> HOW TO COMPLETE THIS TASK
Look below for the line with "Lot 159 - Large" and the line with "in one image". Copy exactly those two lines and every line between, but not the pictures.

> ENTRIES PROVIDED
+++++
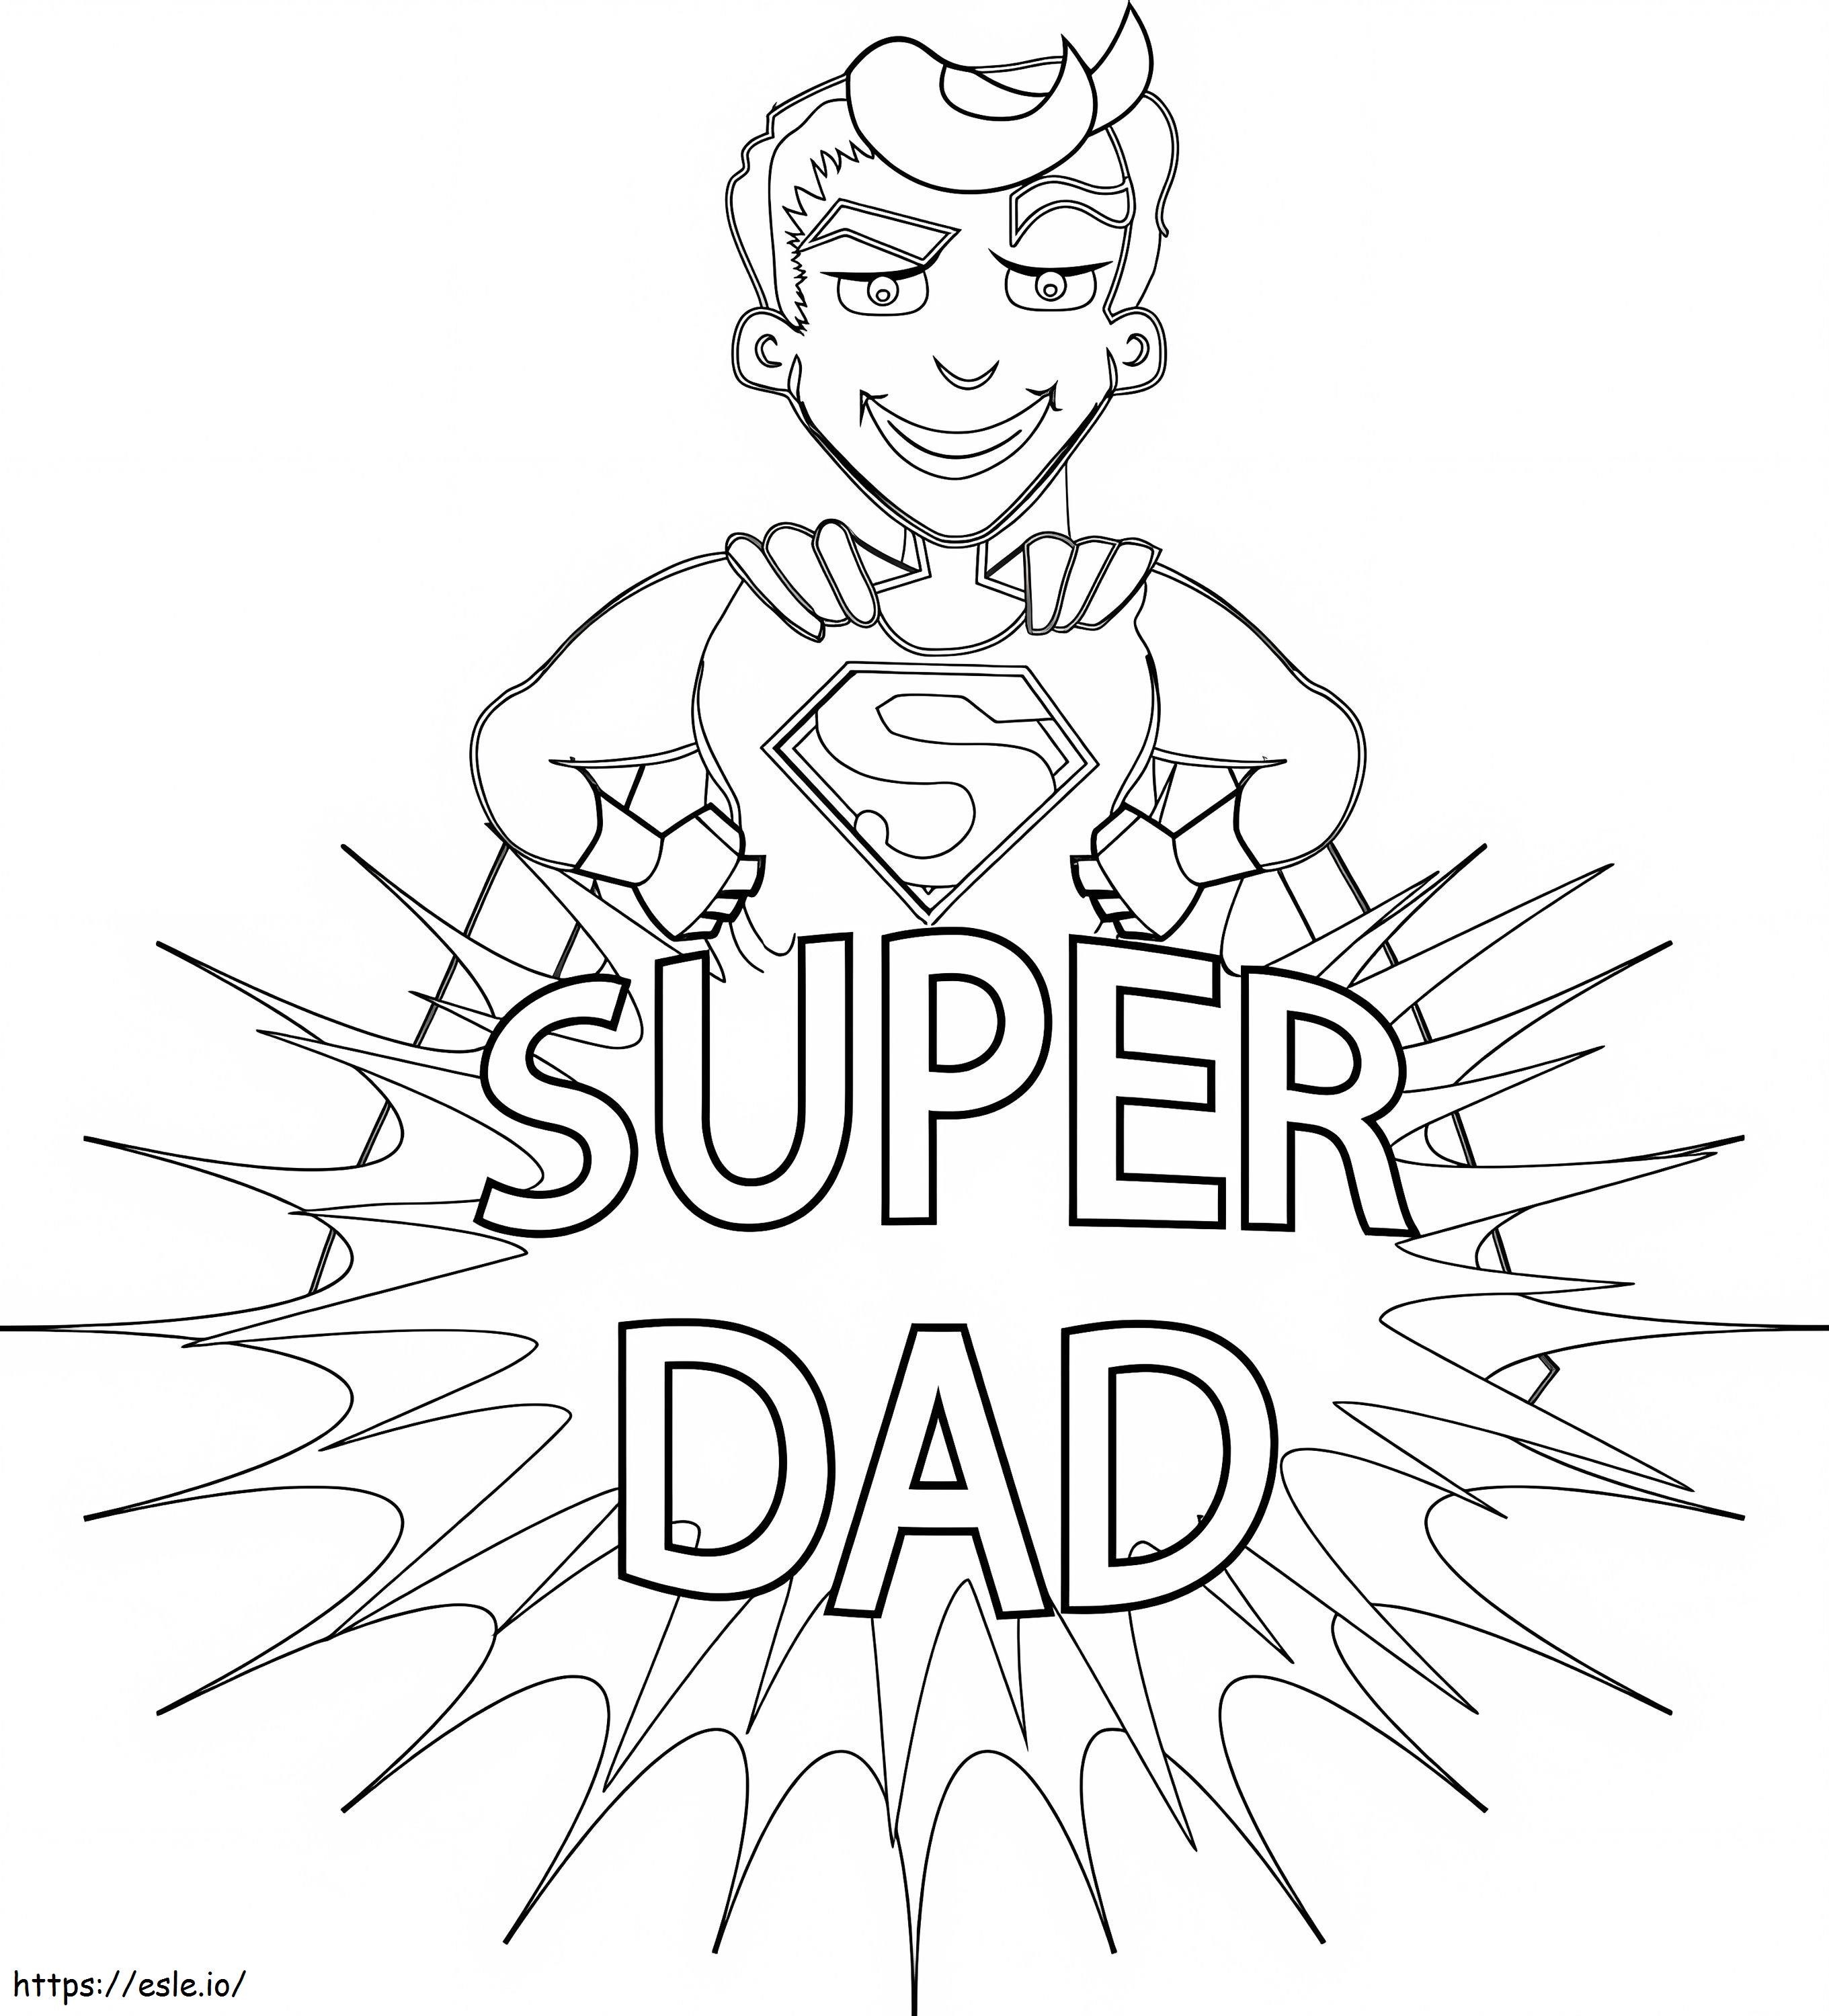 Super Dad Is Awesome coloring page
+++++
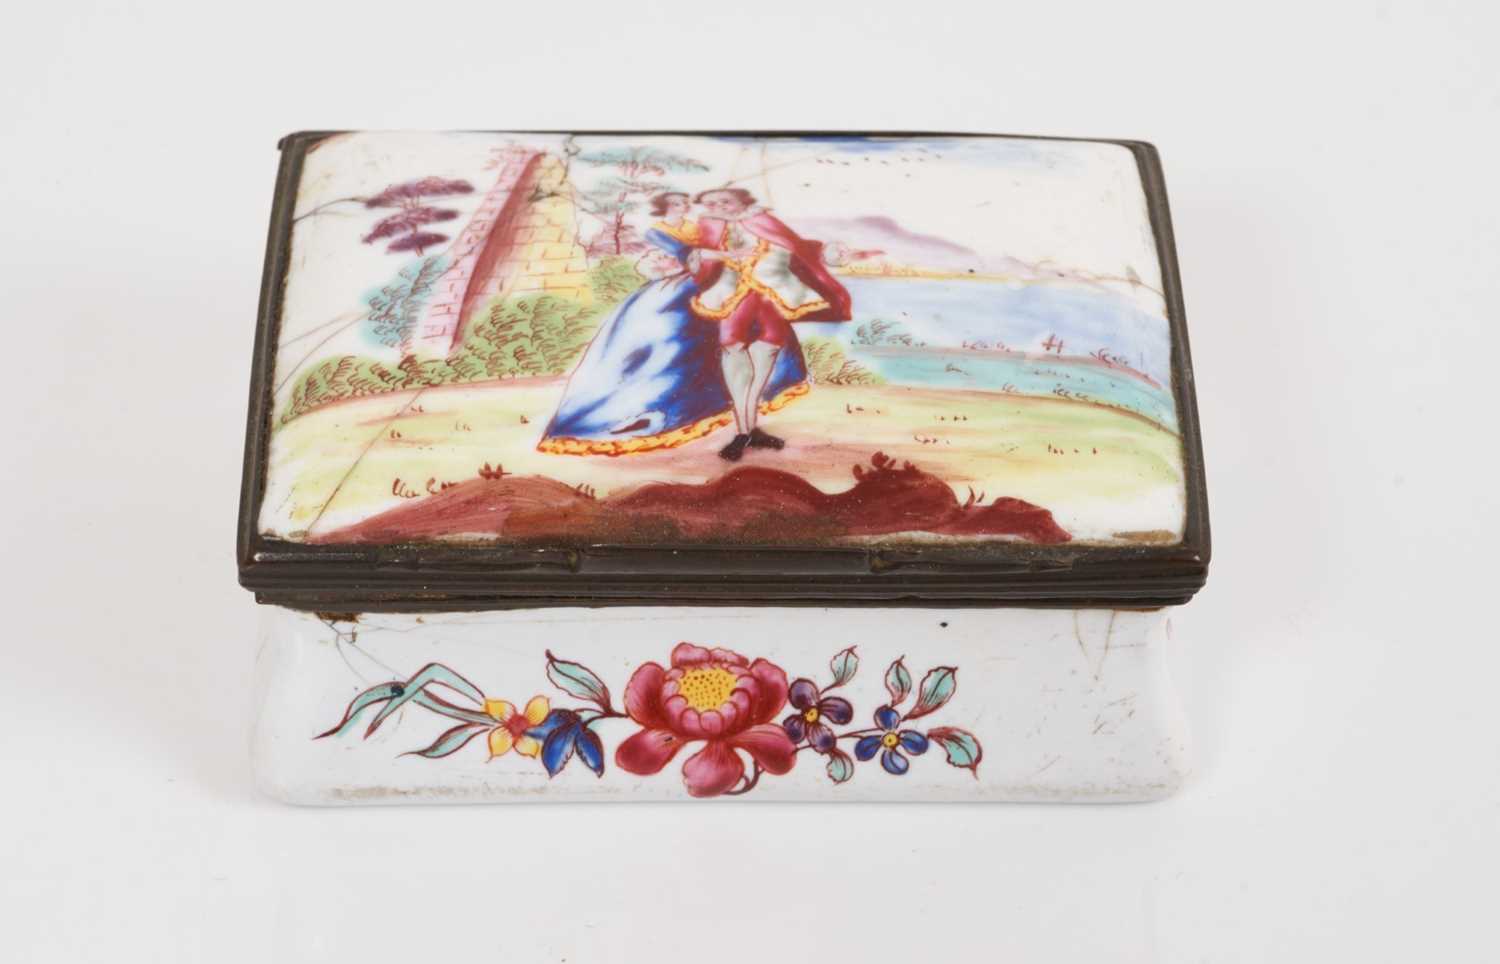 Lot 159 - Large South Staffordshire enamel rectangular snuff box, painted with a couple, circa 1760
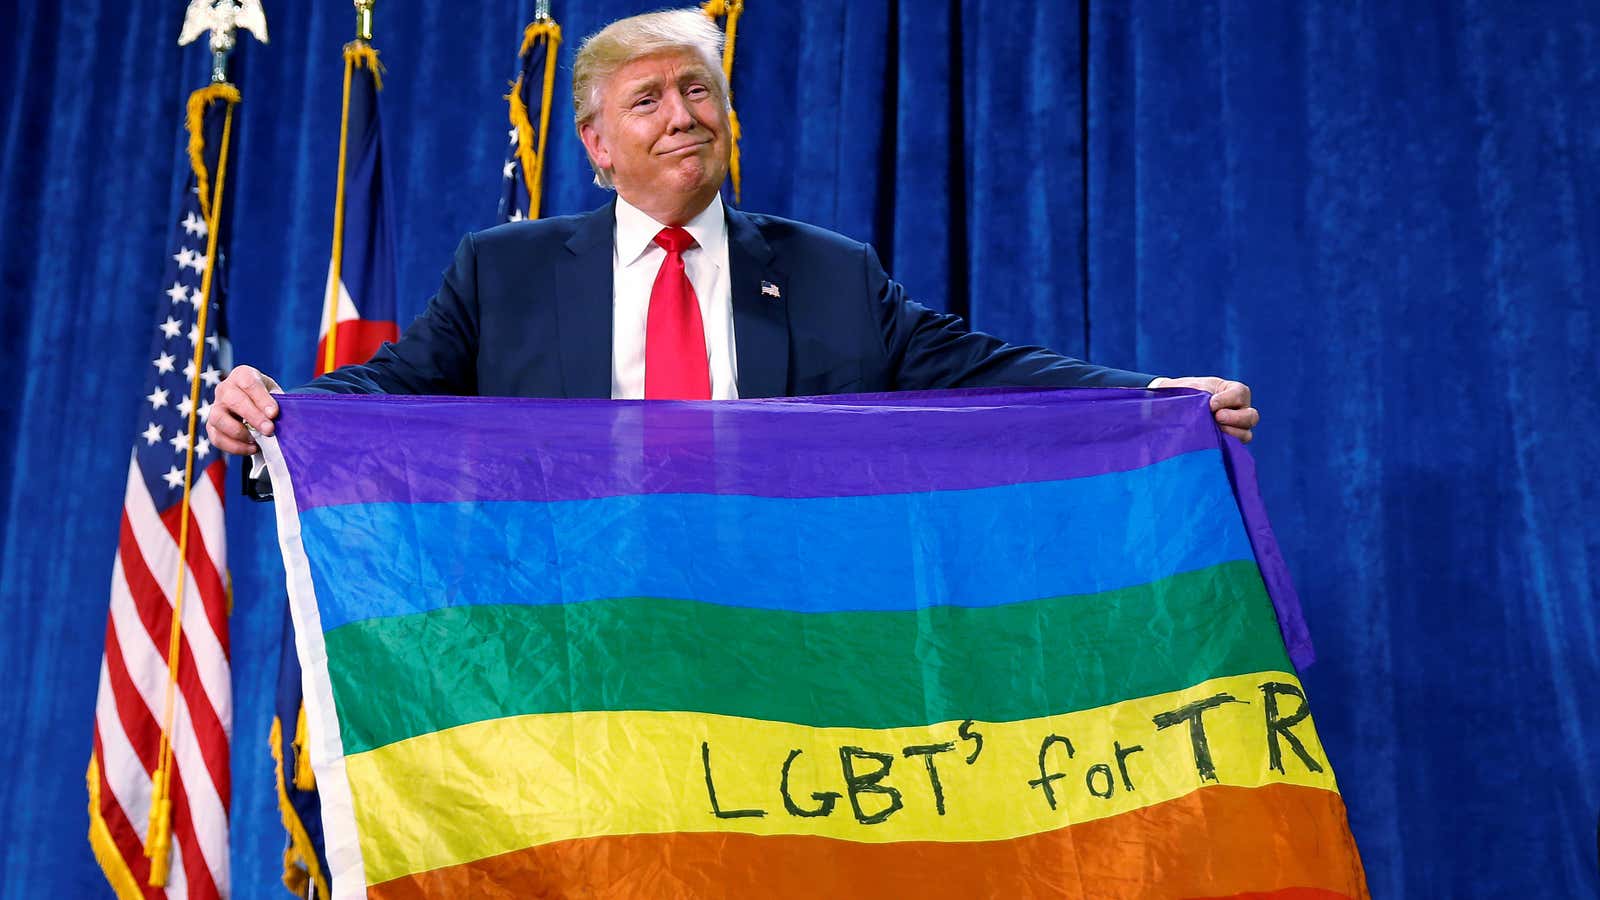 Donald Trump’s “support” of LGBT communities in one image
+++++
> TASK RESULT
 Lot 159 - Large South Staffordshire enamel rectangular snuff box, painted with a couple, circa 1760
 Donald Trump’s “support” of LGBT communities in one image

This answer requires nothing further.